Notably, there is no assumption that the $A_i's$ are independent. I'm not sure how to proceed here! I assume there is a nice trick. Any hints are most welcome.
It seems to be simpler to show the equivalence of the negation of the assertions, that is, we will prove that $$ \mathbb P\left(\limsup_{n\to\infty}A_n\right)<1\Leftrightarrow \mbox{ there exists }B \mbox{ of positive probability such that }\sum_n\mathbb P\left(B\cap A_n\right)<\infty. $$ Let us show $\Leftarrow$. By the classical Borel-Cantelli lemma applied to $(B\cap A_n)_n$, we derive that $\mathbb P\left(\limsup_n (B\cap A_n)\right)=0$. By elementary operations on sets, we derive that $\mathbb P(A\cap B)=0$, where $A=\limsup_nA_n$. As a consequence, $\mathbb P(A)=\mathbb P(A\cap B^c)\leqslant \mathbb P(B^c)$. Since $\mathbb P(B)>0$, $\mathbb P(B^c)<1$ hence $\mathbb P(A)<1$.

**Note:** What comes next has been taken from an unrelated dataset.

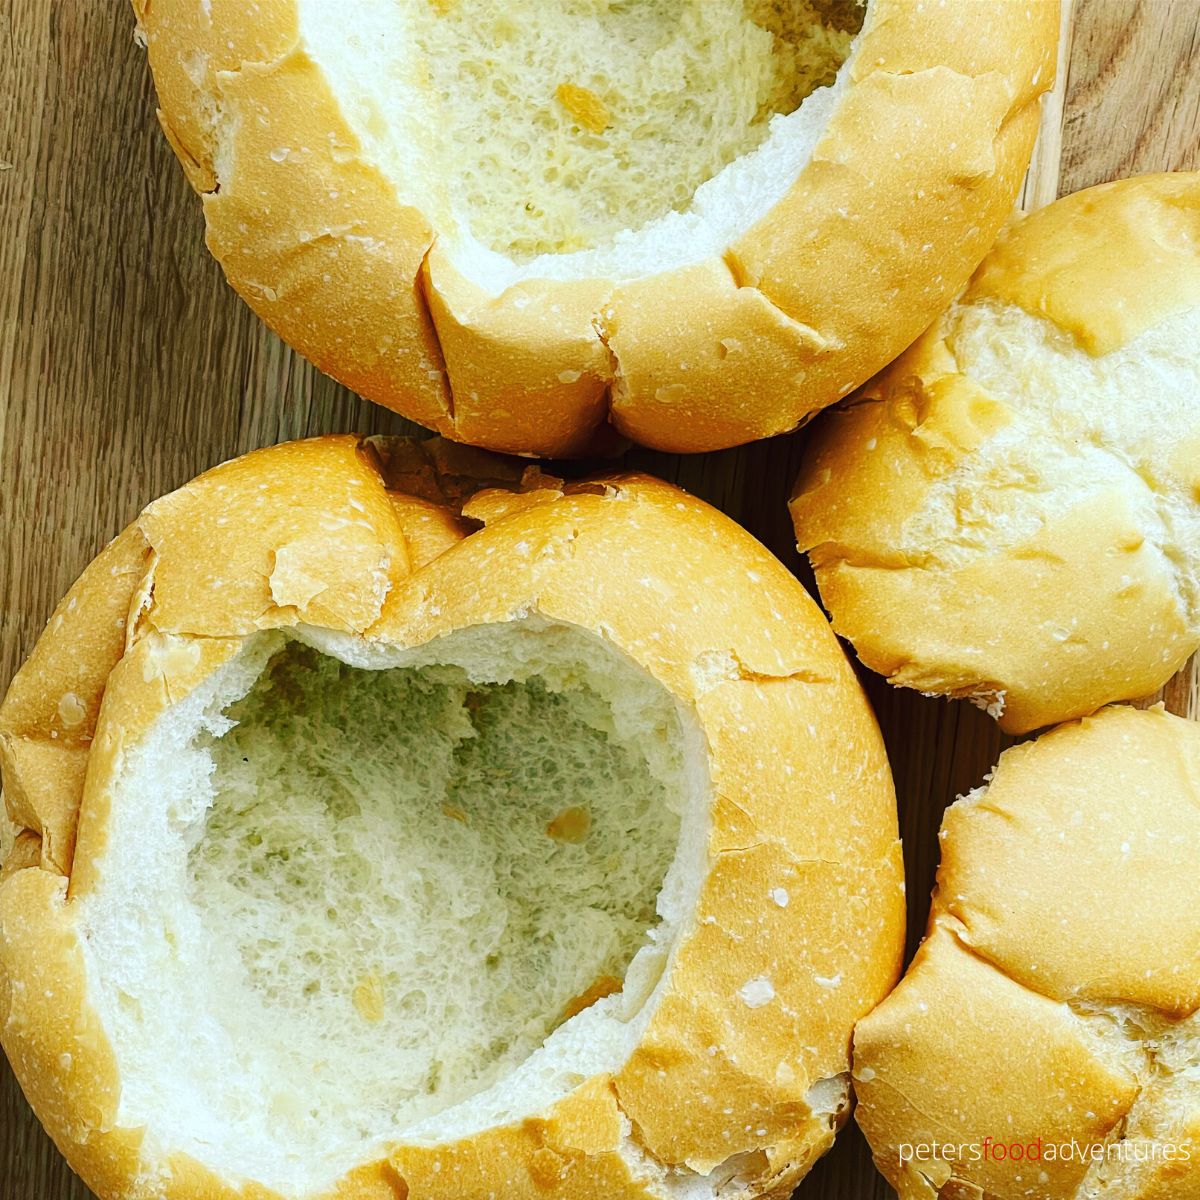 hollowed out bread bowls

It remains to show $\Rightarrow$. By assumption, $\mathbb P(\liminf_n A_n^c)=\mathbb P\left(\left(\limsup_n A_n\right)^c\right)>0$. By definition of $\liminf$, there exists a $k_0$ such that $\mathbb P\left(\bigcap_{k\geqslant k_0}A_k^c\right)>0$. Let $B=\bigcap_{k\geqslant k_0}A_k^c$. For $n\geqslant k_0$, $B\cap A_n$ is empty hence the series $\sum_n\mathbb P\left(B\cap A_n\right)$ converges.